Problem requirements
Read the lines of the data below and retrieve those with "Wallpaper".

Records from a dataset
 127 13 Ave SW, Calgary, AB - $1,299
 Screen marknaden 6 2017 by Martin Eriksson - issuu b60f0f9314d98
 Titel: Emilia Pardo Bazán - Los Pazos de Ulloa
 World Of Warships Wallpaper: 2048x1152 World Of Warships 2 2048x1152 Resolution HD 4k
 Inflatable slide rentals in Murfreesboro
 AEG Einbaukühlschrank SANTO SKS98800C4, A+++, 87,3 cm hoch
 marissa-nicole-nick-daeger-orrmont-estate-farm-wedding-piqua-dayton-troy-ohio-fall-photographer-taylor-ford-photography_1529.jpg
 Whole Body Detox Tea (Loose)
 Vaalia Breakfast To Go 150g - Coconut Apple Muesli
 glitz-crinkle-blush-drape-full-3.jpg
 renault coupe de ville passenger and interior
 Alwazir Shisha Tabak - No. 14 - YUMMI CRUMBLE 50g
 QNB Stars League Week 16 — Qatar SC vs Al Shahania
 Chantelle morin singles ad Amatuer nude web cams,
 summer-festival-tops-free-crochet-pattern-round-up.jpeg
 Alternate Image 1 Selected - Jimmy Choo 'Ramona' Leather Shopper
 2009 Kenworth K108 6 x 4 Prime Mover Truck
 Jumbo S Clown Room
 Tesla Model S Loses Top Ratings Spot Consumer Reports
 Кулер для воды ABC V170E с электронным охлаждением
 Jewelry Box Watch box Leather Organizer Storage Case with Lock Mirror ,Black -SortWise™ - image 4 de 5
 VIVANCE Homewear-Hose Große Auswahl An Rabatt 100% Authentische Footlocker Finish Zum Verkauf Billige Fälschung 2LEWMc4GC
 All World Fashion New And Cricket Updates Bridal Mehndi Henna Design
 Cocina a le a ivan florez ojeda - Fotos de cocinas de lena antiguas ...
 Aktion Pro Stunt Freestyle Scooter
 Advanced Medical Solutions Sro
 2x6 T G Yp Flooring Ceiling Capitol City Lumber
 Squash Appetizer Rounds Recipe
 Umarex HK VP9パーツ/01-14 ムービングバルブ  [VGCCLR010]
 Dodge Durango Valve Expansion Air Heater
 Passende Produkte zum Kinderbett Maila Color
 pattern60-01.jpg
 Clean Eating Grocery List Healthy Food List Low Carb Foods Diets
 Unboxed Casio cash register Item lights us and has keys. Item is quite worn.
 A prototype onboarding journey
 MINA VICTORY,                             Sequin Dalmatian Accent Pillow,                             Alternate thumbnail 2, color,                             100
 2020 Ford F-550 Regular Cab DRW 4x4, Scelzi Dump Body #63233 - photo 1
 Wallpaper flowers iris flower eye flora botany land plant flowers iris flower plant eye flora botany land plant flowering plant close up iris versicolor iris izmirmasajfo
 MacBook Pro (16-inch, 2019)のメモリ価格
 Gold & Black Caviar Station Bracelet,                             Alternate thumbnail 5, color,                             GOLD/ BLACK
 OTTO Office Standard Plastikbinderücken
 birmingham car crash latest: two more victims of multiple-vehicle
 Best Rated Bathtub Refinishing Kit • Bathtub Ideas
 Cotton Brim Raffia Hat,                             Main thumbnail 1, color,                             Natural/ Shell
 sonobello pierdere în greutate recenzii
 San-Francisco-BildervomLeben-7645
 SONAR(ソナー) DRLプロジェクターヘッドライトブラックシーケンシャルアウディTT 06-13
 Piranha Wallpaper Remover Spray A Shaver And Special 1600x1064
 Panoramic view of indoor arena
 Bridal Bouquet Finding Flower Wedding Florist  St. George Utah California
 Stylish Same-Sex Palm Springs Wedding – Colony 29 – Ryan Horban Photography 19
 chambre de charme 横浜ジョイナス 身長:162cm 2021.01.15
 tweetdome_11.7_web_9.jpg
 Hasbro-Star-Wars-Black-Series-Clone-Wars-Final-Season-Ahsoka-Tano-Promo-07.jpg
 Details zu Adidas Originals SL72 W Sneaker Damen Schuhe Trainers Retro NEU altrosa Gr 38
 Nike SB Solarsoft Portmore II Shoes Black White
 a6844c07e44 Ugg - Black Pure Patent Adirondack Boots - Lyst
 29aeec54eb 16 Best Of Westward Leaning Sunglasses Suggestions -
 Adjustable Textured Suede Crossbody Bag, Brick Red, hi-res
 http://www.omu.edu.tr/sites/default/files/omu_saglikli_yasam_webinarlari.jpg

Task answer
 World Of Warships Wallpaper: 2048x1152 World Of Warships 2 2048x1152 Resolution HD 4k
 Wallpaper flowers iris flower eye flora botany land plant flowers iris flower plant eye flora botany land plant flowering plant close up iris versicolor iris izmirmasajfo
 Piranha Wallpaper Remover Spray A Shaver And Special 1600x1064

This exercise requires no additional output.